◆ Given data:

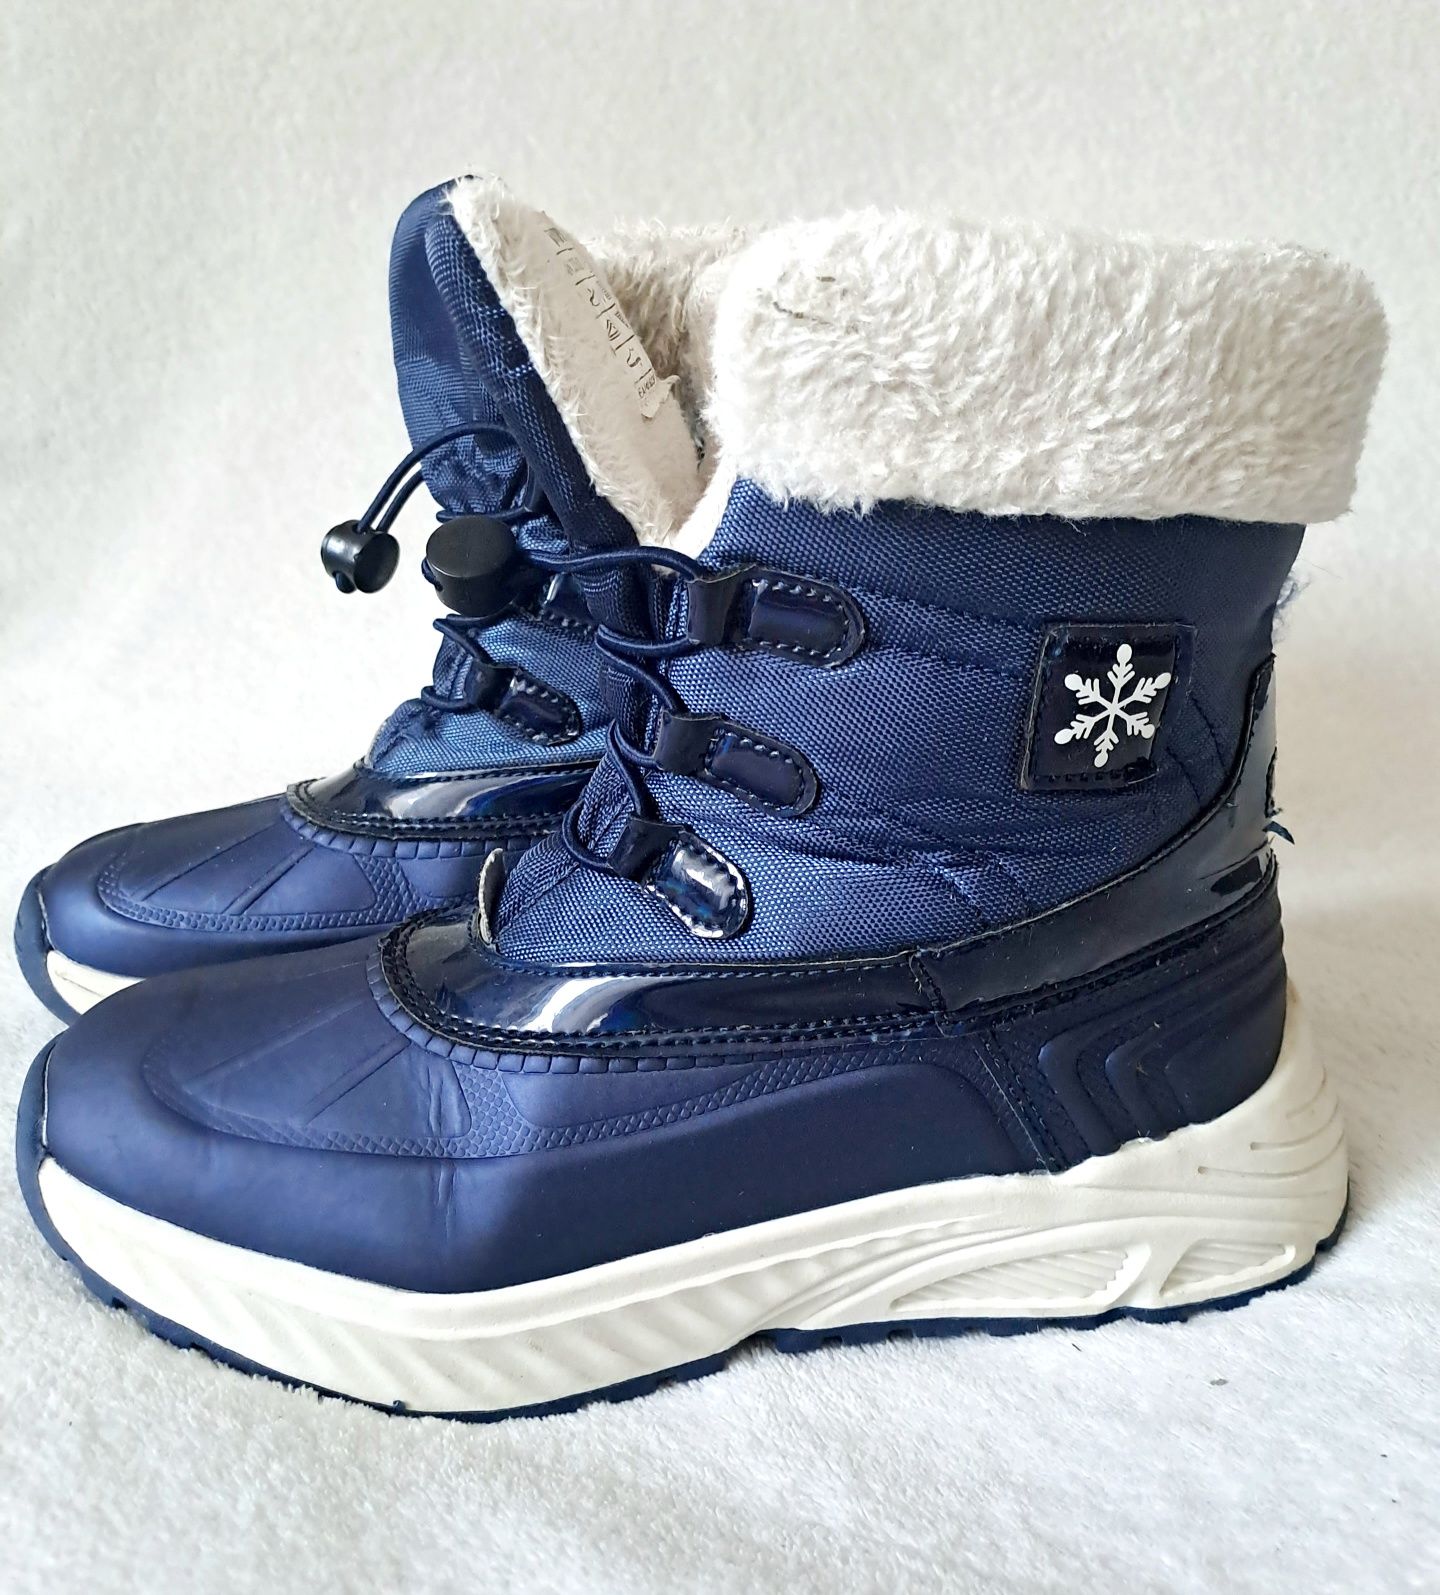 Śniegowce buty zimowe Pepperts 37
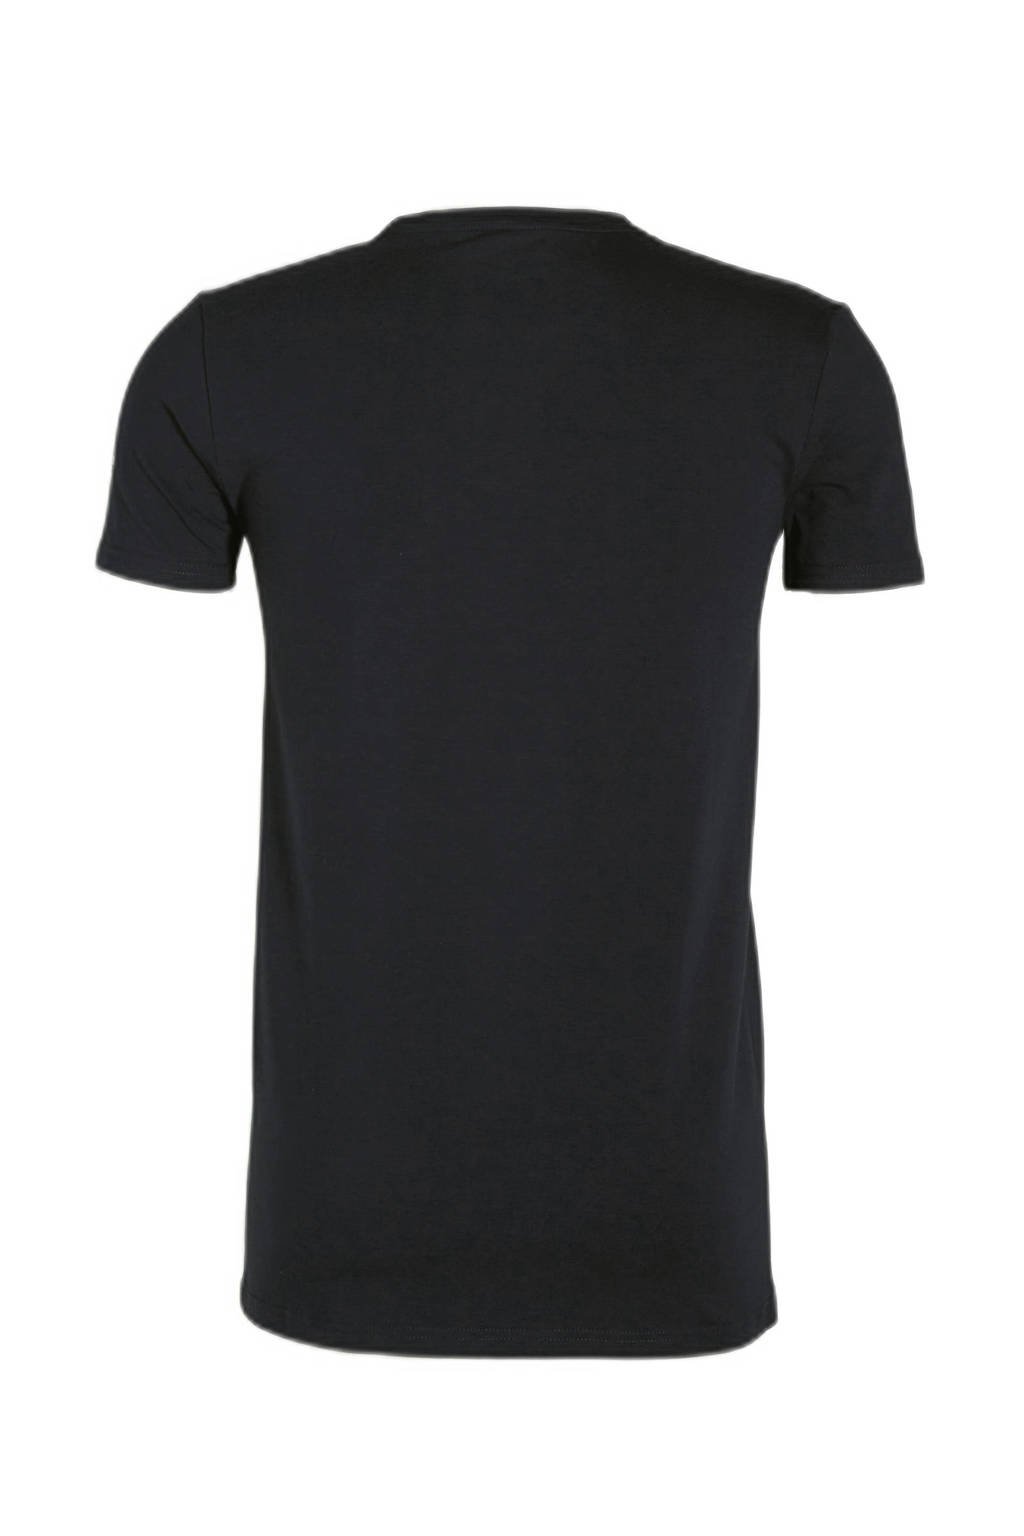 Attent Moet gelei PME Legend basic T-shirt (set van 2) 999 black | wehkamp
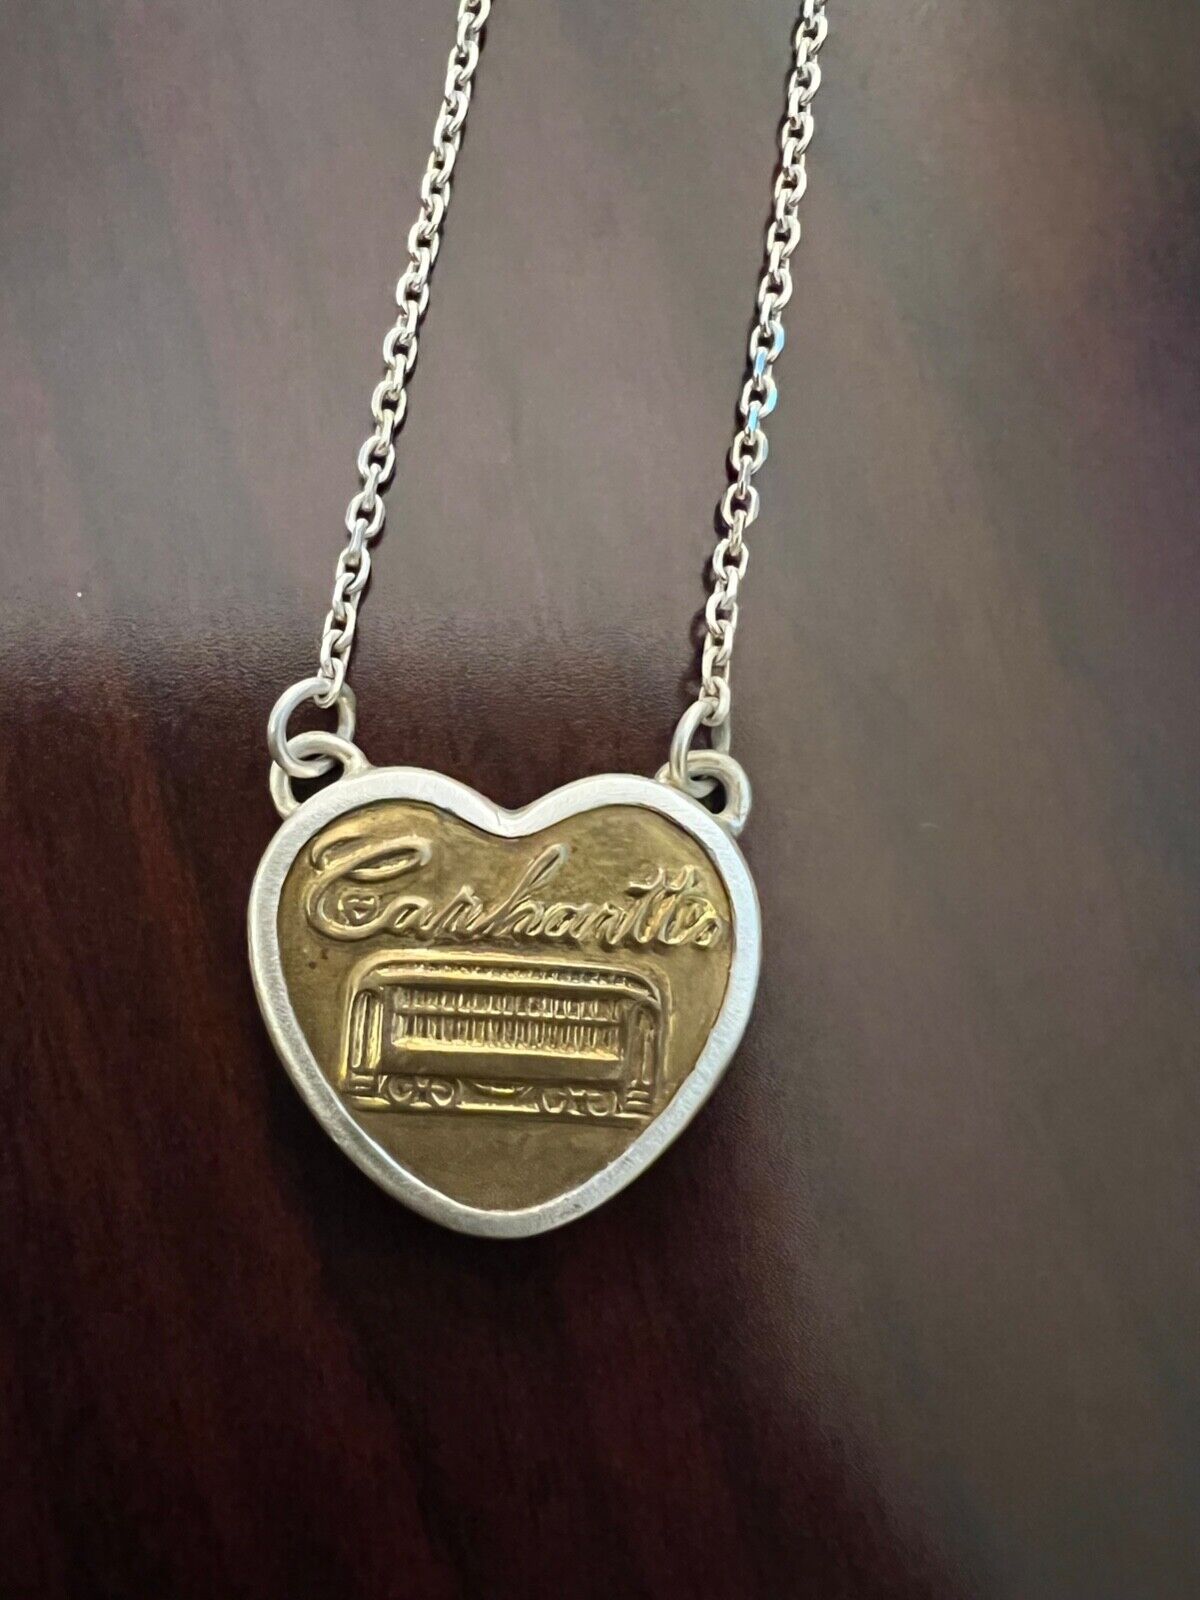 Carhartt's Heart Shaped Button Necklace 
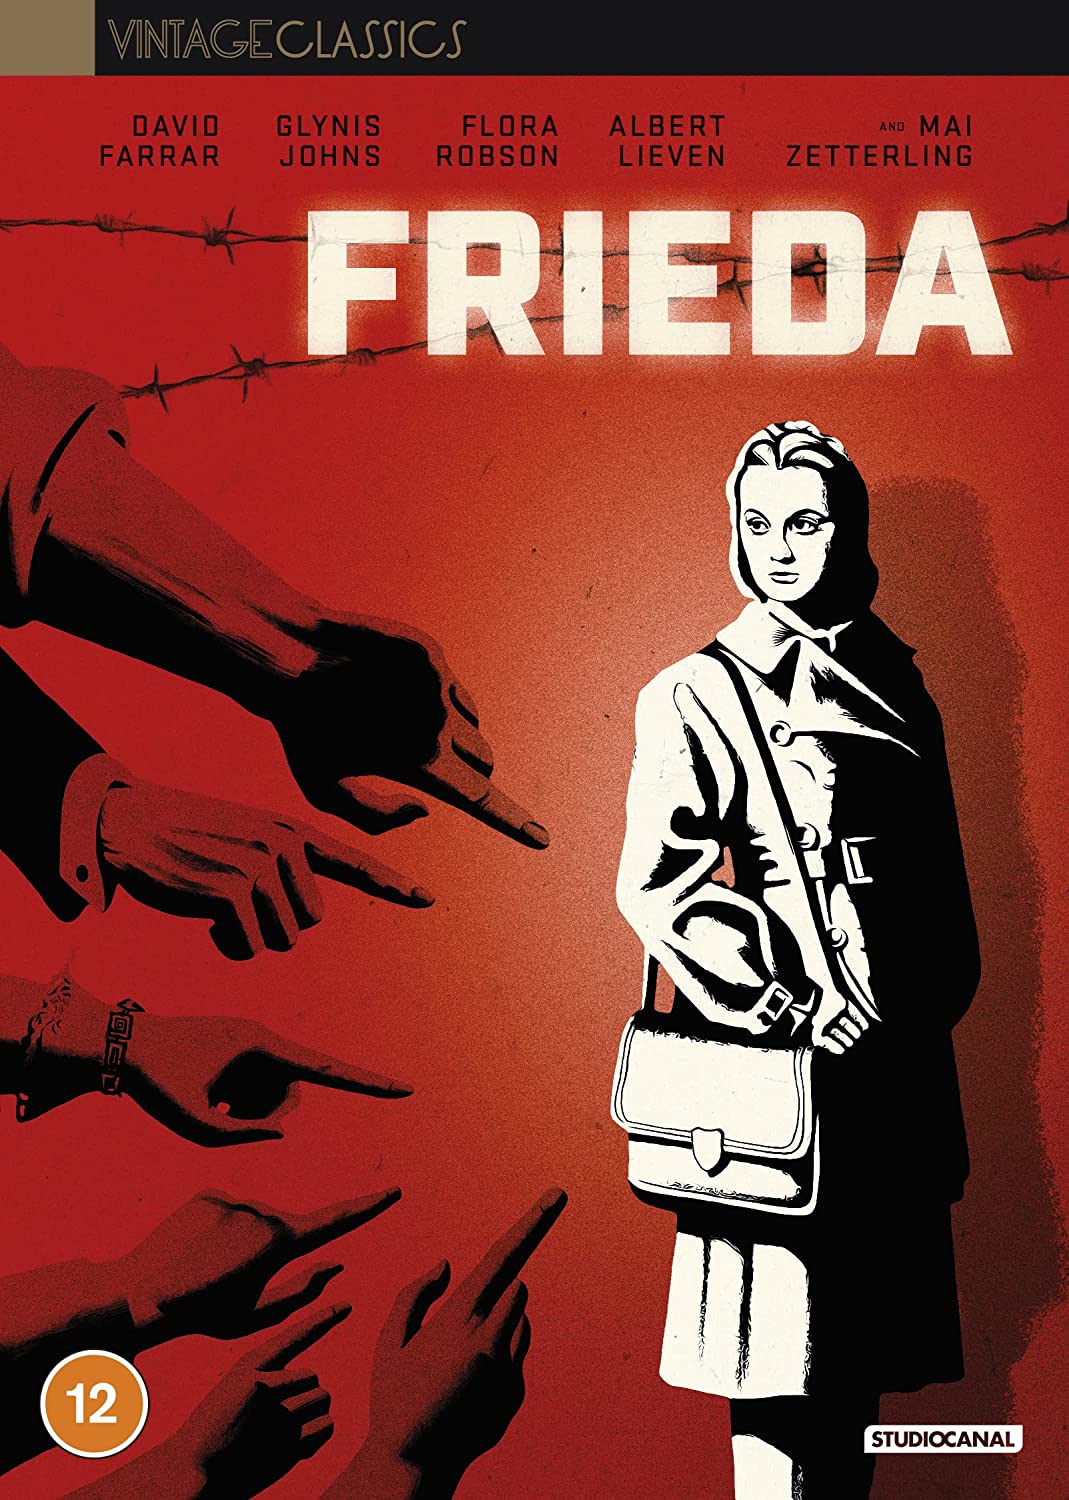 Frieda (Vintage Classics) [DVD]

◆ Work to be completed: The expected output is an exact copy of the lines from the one holding "Attent Moet gelei" through the last line of the listing above, with the pictures omitted.

◆ Task solution:
 Attent Moet gelei PME Legend basic T-shirt (set van 2) 999 black | wehkamp
 Carhartt's Heart Shaped Button Necklace 
 Frieda (Vintage Classics) [DVD]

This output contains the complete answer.